Thus the tractor detector does not function effectively. The
tractor detector is trained by the user entering tractor and
non-tractor labeled examples to create the proper classifier. When
the detector robustly detects the presence of a tractor in the
scene, the user may cease the detector's training cycle.
[0115] The example discussed in the preceding section describes a
user detector comprising a video camera sensor. The user detector
operation is by no means limited to video sensors. Another
embodiment of the invention discussed in the subsequent section
concerns a user detector configured with an audio sensor to create
a favorite music detector.
[0116] Reference is now made to FIG. 7 which is a simplified block
diagram illustrating a favorite music detector according to another
embodiment of the present invention. An audio input 71 is connected
to the favorite music detector 70 which outputs favorite music
events 72 categorized as jazz, rock, classical music or other types
of music. Initially the detector does not have a set of classifiers
and is incapable of detecting any musical events. The learning
process begins with the user labeling through the GUI, examples of
different styles of music entered through the audio input. The
audio signal of the labeled music examples is analyzed by the
learning unit in order to create a set of classifiers. Subsequently
the favorite music detector is able to identify when the user's
favorite music is played. The user can evaluate the performance of
the favorite music detector and decide to continue entering
favorite music examples. He may thus enhance the favorite music
detector performance by iteratively fine tuning the set of
classifiers using the additional examples. When the evaluated
performance of the favorite music detector is satisfactory, the
learning process is brought to an end.
[0117] A description is provided herein with further detailed
explanation of the mode of operation of the system units, including
mathematical analyses and various embodiments and techniques used
in the learning process. GUI here is only example of possible GUI,
Not necessary rectangle, other object marking types such as
ellipse, free hand are also optional.
[0118] Reference is now made to FIG. 8 which illustrates user
labeling via the GUI in the tractor detector example. The GUI
screens of the initial step of the tractor detector learning
process are illustrated. Rectangle 81 used as an indicator
illustrates a user entering an example of positive data (tractor),
multiple rectangles 82 illustrate negative data of objects which
are not a tractor (non-tractor).
[0119] The rectangles used in this example and the following
examples as indicators do not have to be necessarily rectangles.

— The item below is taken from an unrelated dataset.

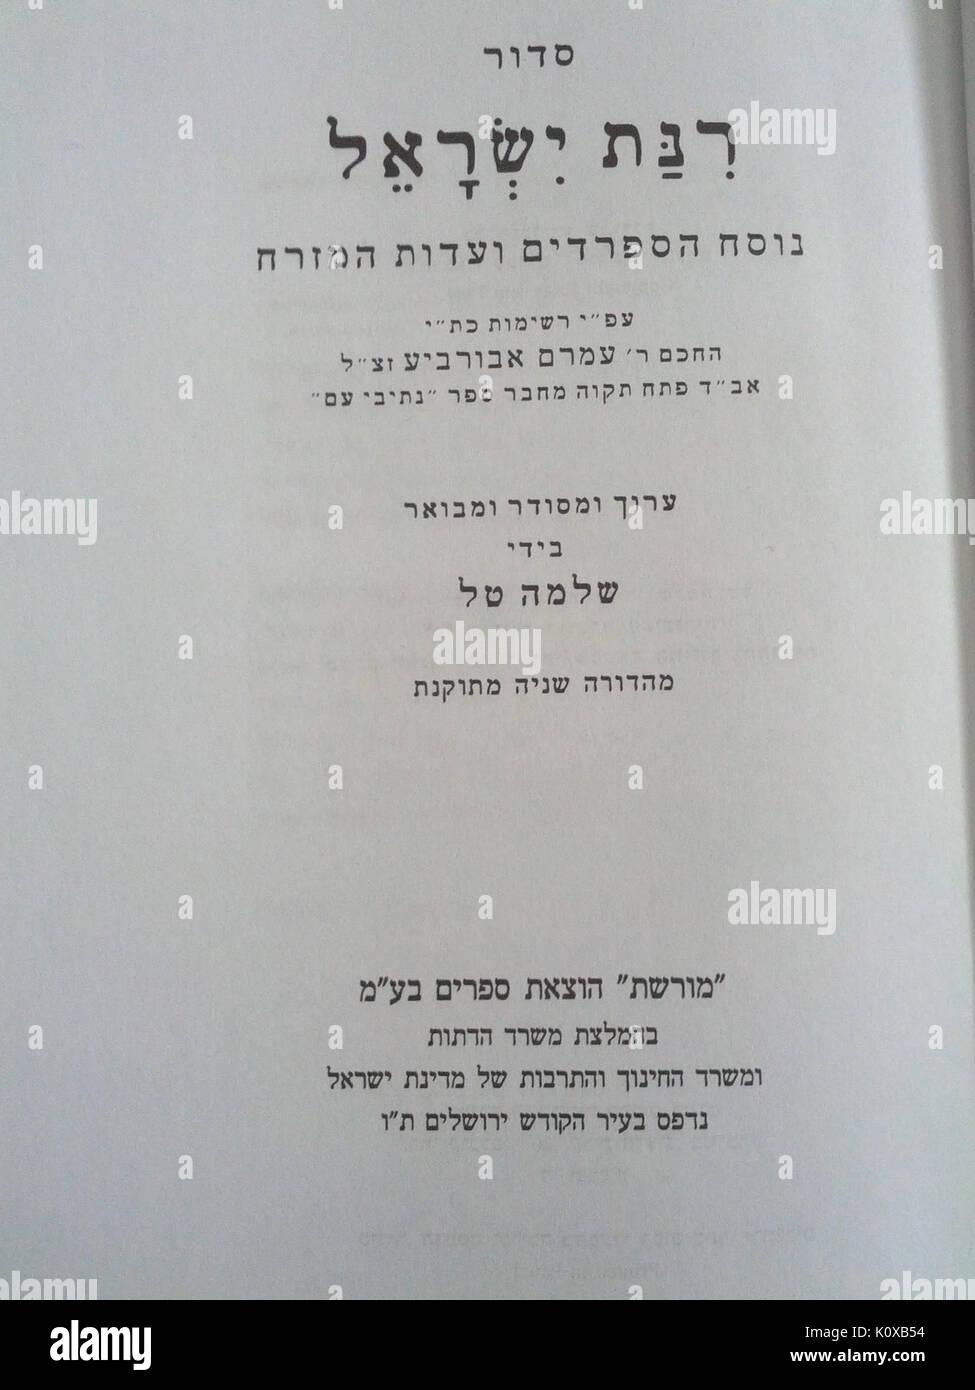 Amram Aburbeh Rinat Israel siddur Ha'Sfaradim ve'Edot HaMizrach - Stock Image
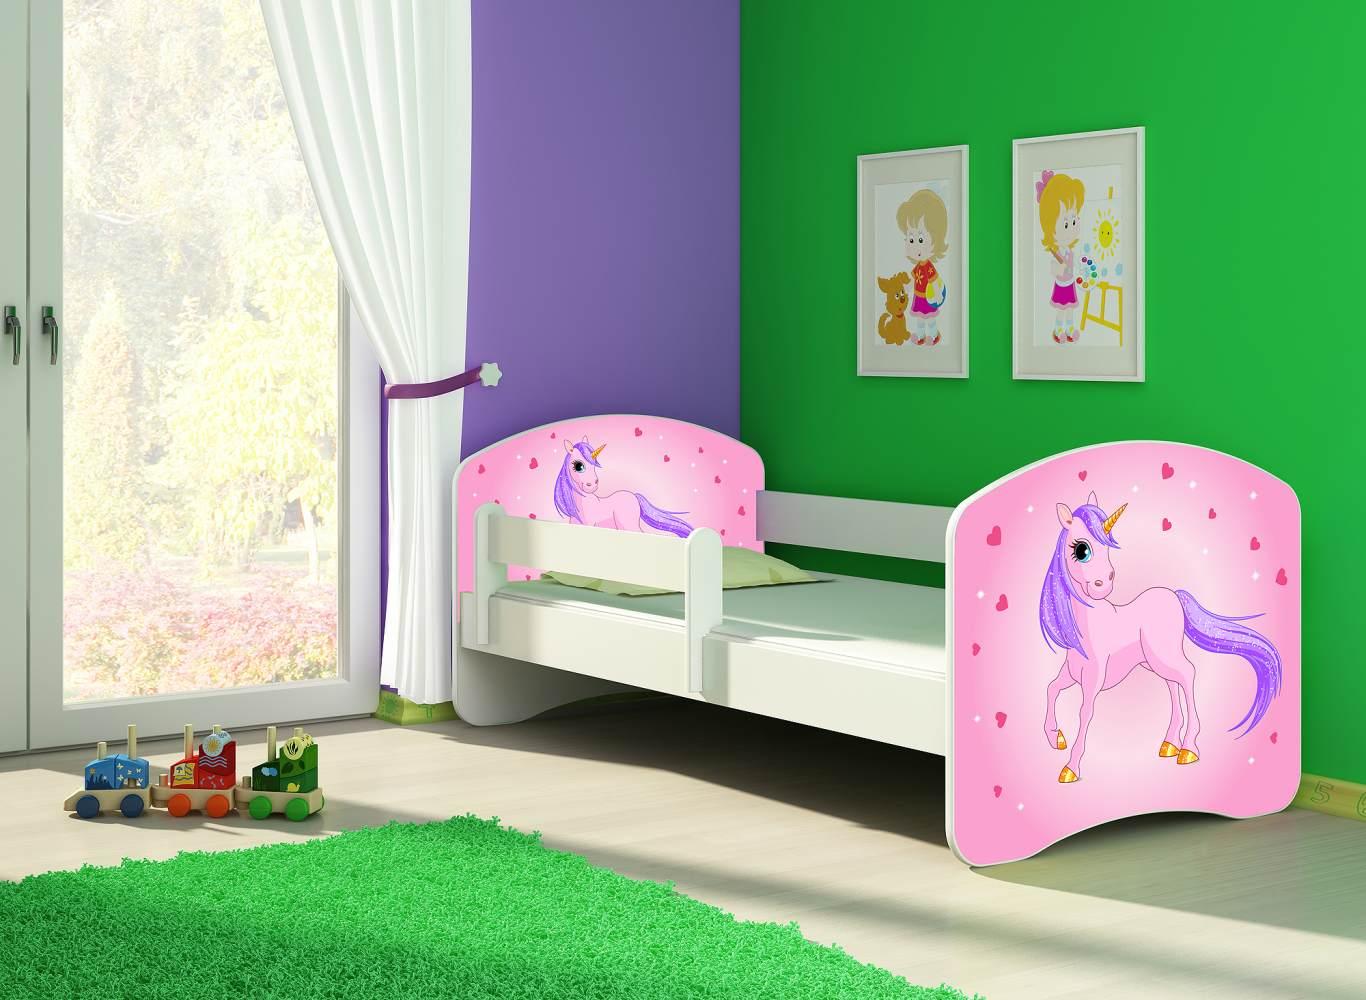 Clamaro 'Fantasia' Kinderbett 'Pony Pink' 80x 160 cm inkl. Bettkasten, Rausfallschutz, Matratze und Lattenrost Bild 1

Other indicator shapes may be used such as: circles, ellipses,
triangles and more, including freeform shapes, and more generally,
any indicator can be used that clearly indicates both to the user
and to the system the boundaries of an object of interest.
[0120] The GUI screen (a) illustrated on the left side, is used to
label, by the user, a tractor event, a tractor event meaning that a
tractor is present at the scene. A tractor present at the scene is
surrounded by a rectangle and the user enters the data that the
object defined by the rectangle is a tractor, so that both the
presence and the location of the tractor are clearly made known to
the system. The GUI screen (b) illustrated on the right side is
used by the system to label non-tractor events. Labeling
non-tractor events is implemented by rectangles surrounding various
non-tractor regions in the scene and user entering the related
information to the tractor detector. The system learns the tractor
and non tractor labeled examples and creates a set of classifiers
used to differentiate between tractor and non-tractor events. The
created classifiers are used by the tractor detector to identify
the presence of a tractor in the scene. Tractor detector
performance shown is still limited due to the small number of
labeled examples used by the system to create the set of
classifiers. Performance can be substantially improved by the user
entering additional labeled examples and the system iteratively
fine tuning the set of classifiers.
[0121] Reference is now made to FIG. 9 which is an illustration of
GUI screens showing the tractor detector output for different
performance levels cases. The shown performance levels of the
tractor detector have been reached by different sets of examples
used by the learning process. Three screens 9a-9c represent three
phases in system performance and white rectangles indicate
detection of a tractor in the scene.
[0122] Screen (a) depicts the tractor detector performance for a
case in which 31 positive tractor examples and 71 non-tractor
examples have been entered by the user in the learning process. The
multitude of white rectangles 91 in the scene, indicates a low
performance level of the tractor detector in this case, since many
rectangles do not include tractors. Evidently, the number of
labeled examples needs to be increased substantially.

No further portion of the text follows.